Only the lines with "並行輸入品" in the entries below belong in the answer; please copy them.
--- SUPPLIED MATERIAL ---
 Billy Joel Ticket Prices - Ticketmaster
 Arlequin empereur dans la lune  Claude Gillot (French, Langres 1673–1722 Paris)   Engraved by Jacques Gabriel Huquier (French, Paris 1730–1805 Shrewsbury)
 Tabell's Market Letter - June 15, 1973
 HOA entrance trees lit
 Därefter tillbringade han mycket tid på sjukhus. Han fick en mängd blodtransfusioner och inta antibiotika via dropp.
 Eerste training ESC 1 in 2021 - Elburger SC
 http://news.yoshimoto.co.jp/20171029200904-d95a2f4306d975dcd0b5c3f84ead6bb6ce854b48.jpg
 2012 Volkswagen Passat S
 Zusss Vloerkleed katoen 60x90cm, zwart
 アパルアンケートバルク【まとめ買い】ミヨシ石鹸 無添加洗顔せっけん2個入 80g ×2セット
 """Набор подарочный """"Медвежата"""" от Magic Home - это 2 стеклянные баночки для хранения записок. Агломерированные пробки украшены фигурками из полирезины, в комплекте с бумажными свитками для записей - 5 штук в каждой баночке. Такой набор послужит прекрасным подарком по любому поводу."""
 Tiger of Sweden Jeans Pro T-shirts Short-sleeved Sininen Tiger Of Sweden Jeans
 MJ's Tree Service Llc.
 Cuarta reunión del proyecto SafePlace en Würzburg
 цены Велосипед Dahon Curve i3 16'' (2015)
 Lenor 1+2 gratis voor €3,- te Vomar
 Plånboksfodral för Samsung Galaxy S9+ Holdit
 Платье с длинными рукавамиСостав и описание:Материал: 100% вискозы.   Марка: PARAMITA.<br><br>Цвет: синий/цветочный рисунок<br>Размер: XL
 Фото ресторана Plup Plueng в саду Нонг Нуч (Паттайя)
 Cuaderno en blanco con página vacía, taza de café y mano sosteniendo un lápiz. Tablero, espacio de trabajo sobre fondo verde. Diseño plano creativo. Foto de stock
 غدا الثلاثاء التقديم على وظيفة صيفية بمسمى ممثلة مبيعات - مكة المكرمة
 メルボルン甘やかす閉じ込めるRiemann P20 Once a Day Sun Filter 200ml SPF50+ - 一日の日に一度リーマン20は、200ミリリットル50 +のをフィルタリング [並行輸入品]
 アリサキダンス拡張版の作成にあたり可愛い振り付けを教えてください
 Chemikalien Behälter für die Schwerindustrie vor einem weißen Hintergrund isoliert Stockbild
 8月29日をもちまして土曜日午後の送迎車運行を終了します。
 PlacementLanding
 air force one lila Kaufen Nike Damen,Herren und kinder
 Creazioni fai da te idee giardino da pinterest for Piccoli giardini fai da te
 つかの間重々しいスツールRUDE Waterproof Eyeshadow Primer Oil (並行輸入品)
---
EXERCISE ANSWER
 メルボルン甘やかす閉じ込めるRiemann P20 Once a Day Sun Filter 200ml SPF50+ - 一日の日に一度リーマン20は、200ミリリットル50 +のをフィルタリング [並行輸入品]
 つかの間重々しいスツールRUDE Waterproof Eyeshadow Primer Oil (並行輸入品)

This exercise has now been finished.